Interestingly, my TiVo listings have programming data, but it says (CC, Stereo, R, Letterbox) where I assume R indicates rerun. The episode title is definitely new, as you said. Bad listings. Thanks for the heads up.


----------



## windracer (Jan 3, 2003)

Same missing info here. Thanks!

:up: 

(I love this part of the forum ...)


----------



## MauriAnne (Sep 21, 2002)

Thank you for the heads up!! It's clearly listed as a repeat in my Guide Data.


----------



## dansachs (Nov 3, 2003)

Is this true? All my local papers call tonight's episode a repeat. I'm not familiar enough with the show to tell if I've seen this one before. "Abby and Kovac work to keep a stabbed woman alive"


----------



## jeff125va (Mar 15, 2001)

dansachs said:


> Is this true? All my local papers call tonight's episode a repeat. I'm not familiar enough with the show to tell if I've seen this one before. "Abby and Kovac work to keep a stabbed woman alive"

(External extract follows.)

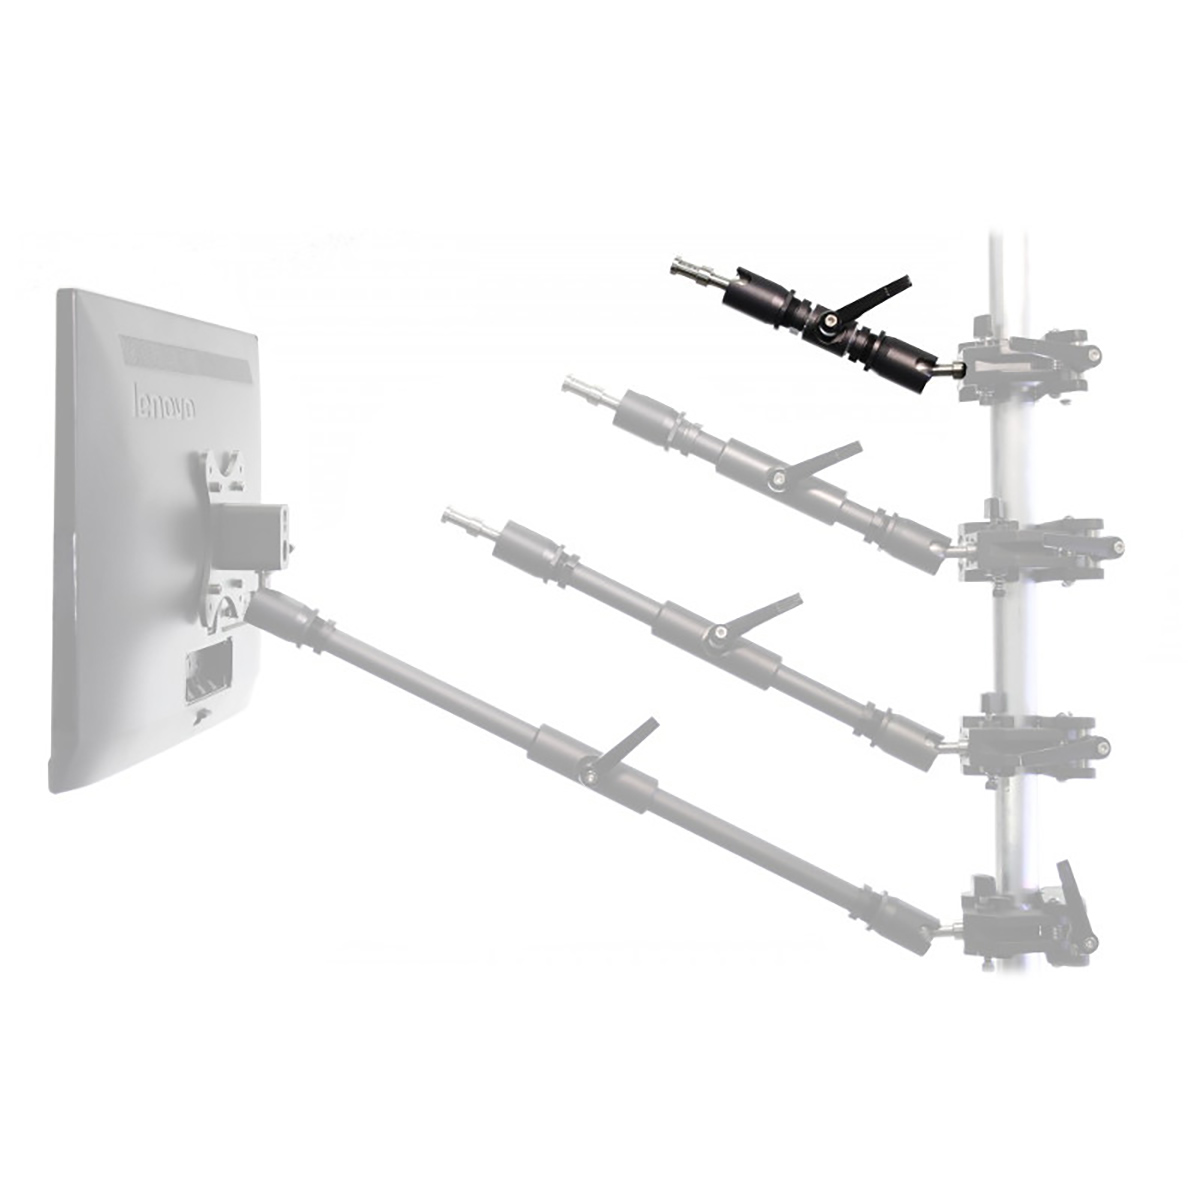 9.Solutions Double Joint Arm long (660mm)
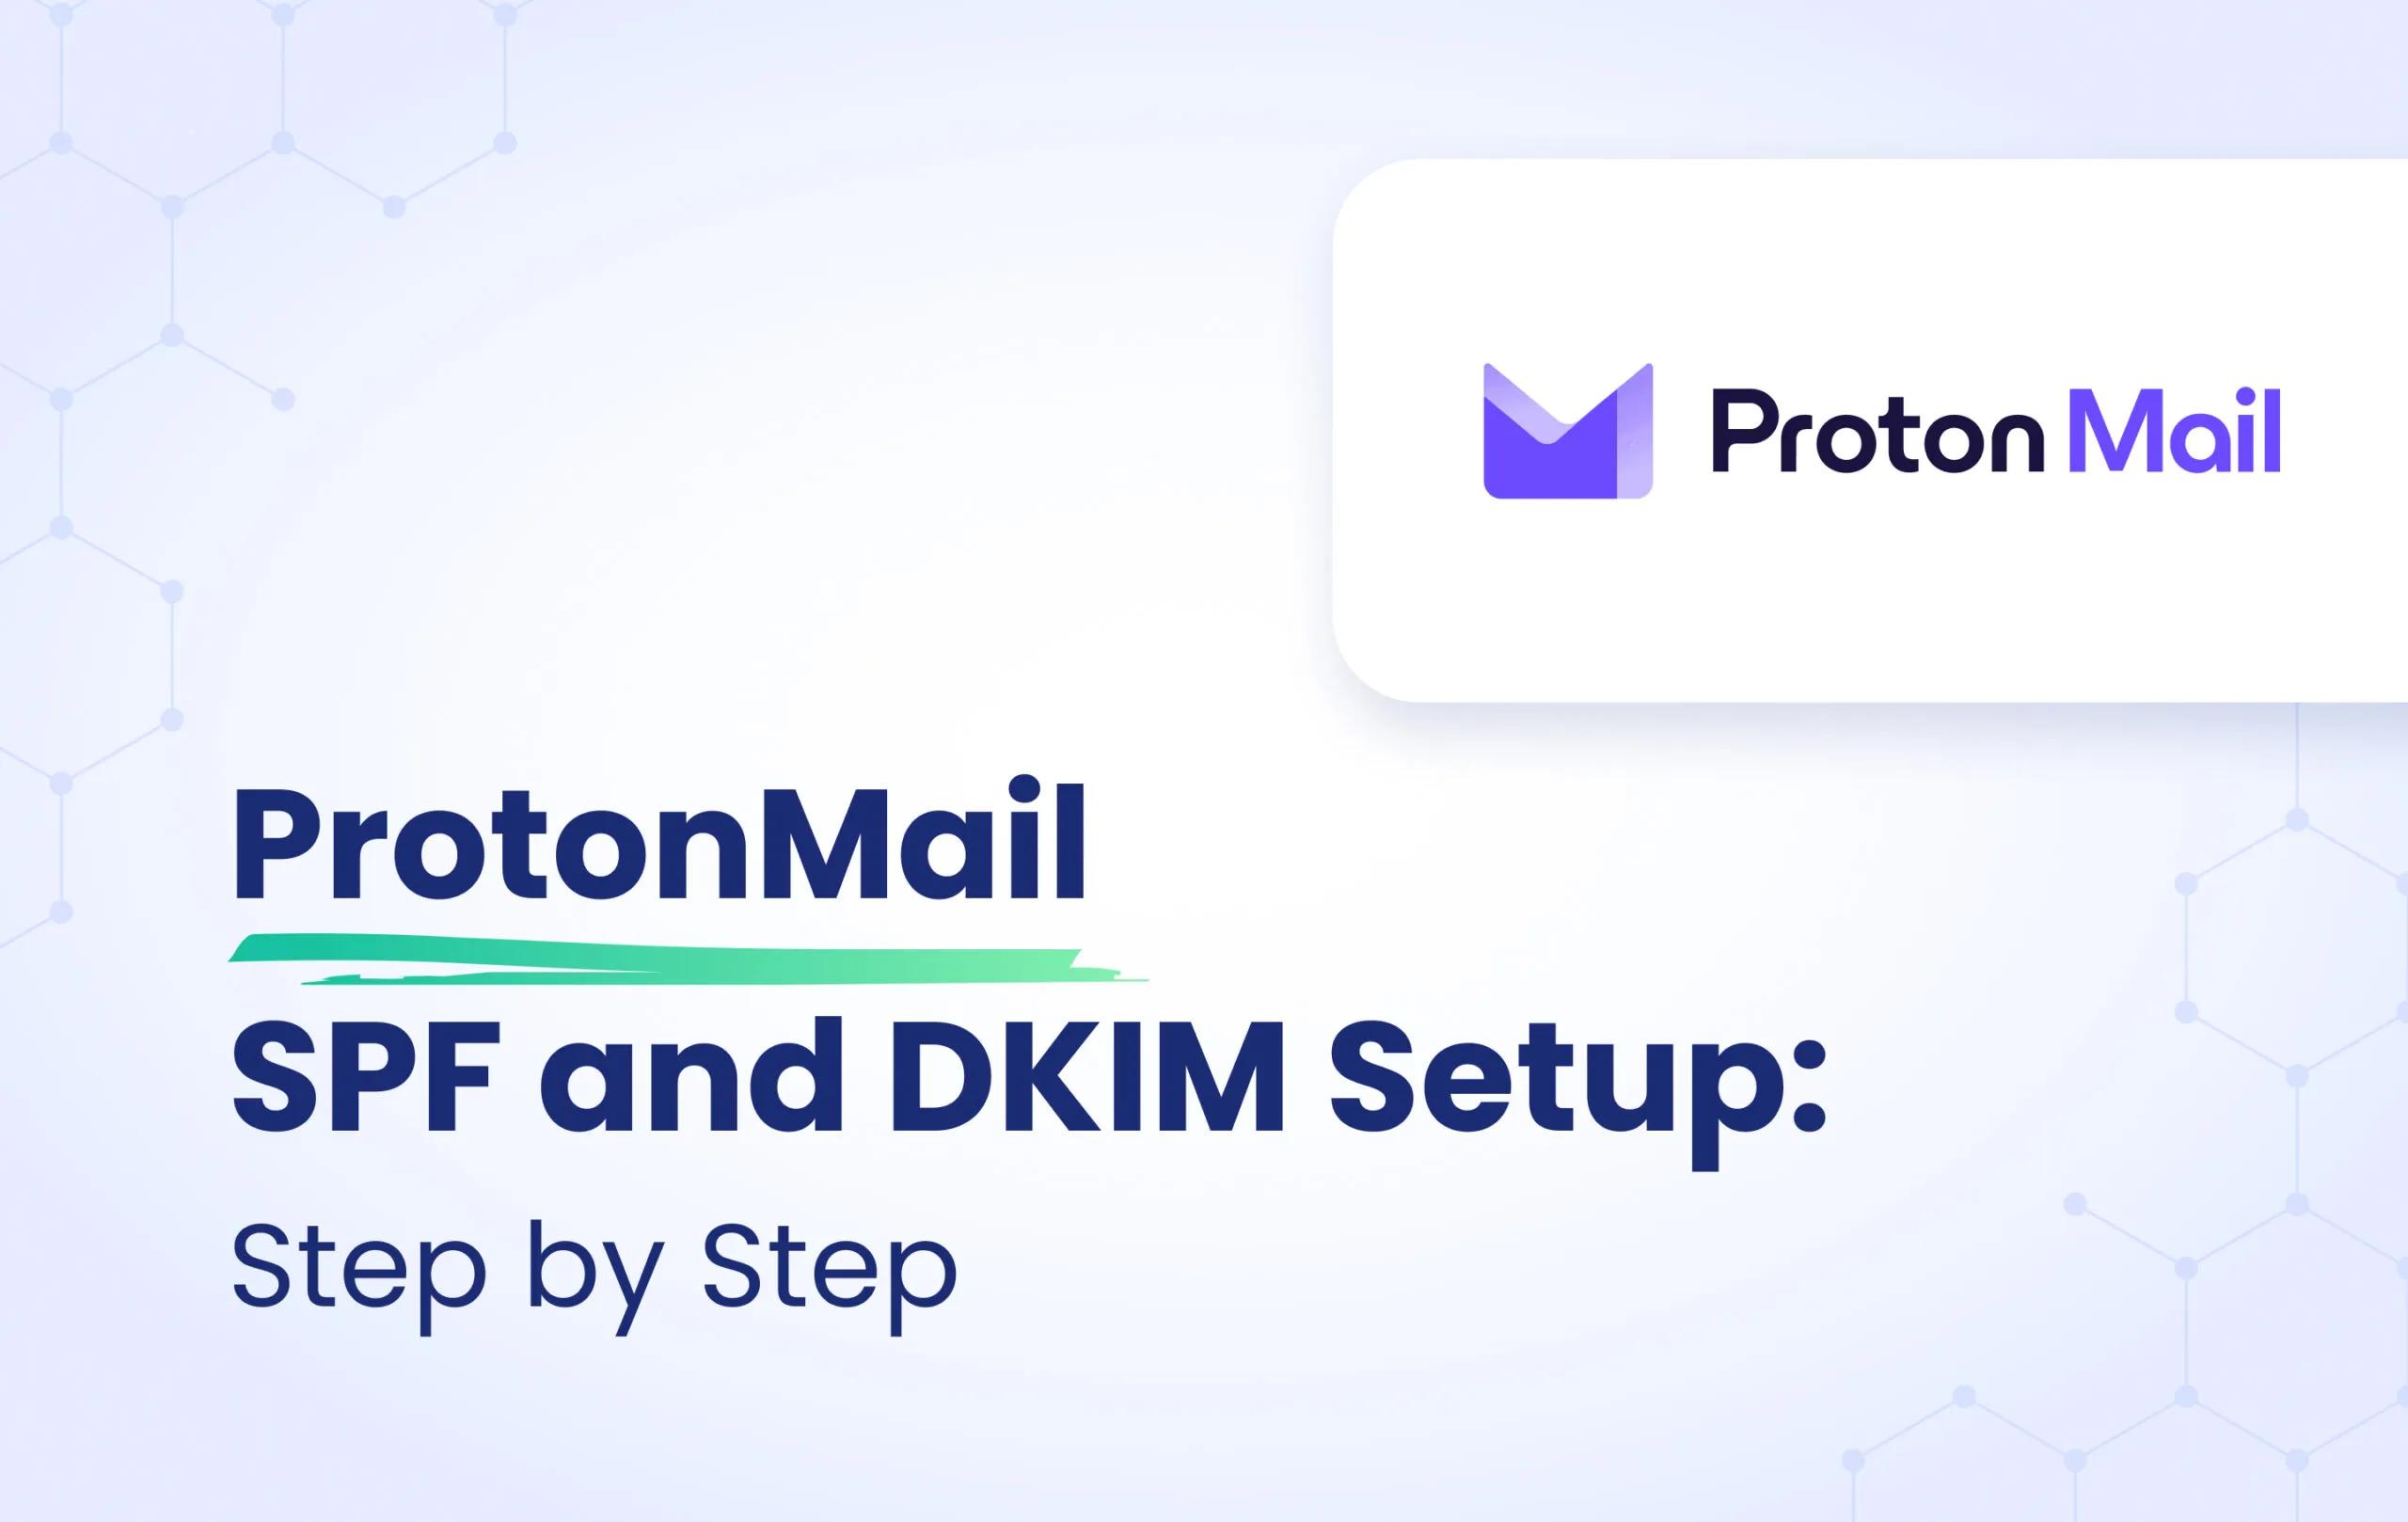 ProtonMail SPF and DKIM Configuration: Step-by-Step featured image

I'd be surprised if there's only one that fits that description. I'm probably TOO familiar with the show to know if it's new based on that description. Seriously though, if this is new, it's very unusual that it's still not showing up in my To Do List. It wasn't as of last night anyway.


----------



## gschrock (Dec 28, 2001)

For the record, nbc's site is saying "ALL NEW" on the episode tonight.


----------



## simonalope (Jun 2, 2004)

Definitely new, definitely not picked up by my FRO season pass. Stupid guide data.


----------



## JRoss (Apr 1, 2004)

crap- I just noticied and missed the first 15 minutes of the show. What gives?!


----------



## betts4 (Dec 27, 2005)

I am not sure why, but my Tivo started recording this right on the dot. I hadn't checked ahead of time to see what the listings were, but I do know that my SP is set only for NEW episodes. So I am glad Tivo is smarter then I am !!


----------



## Nugget (Nov 5, 2002)

Dangit. I missed the episode.


----------



## Markman07 (Jul 18, 2001)

It was wrong for I bleieve all week. Very surprised they didn't fix / update the guide data by yesterday.


----------



## dloving1 (Feb 8, 2005)

I missed it because of the bad listing. Makes me mad.


----------



## jcondon (Jul 9, 2003)

Thanks for the heads up. I actually was able to stop home to manually record it so I wouldn't miss it.


----------



## BuffaloChief (Mar 24, 2006)

Can someone post what happened in the show in terms of character story lines?


----------



## tivo_maniac (Mar 24, 2006)

BuffaloChief said:


> Can someone post what happened in the show in terms of character story lines?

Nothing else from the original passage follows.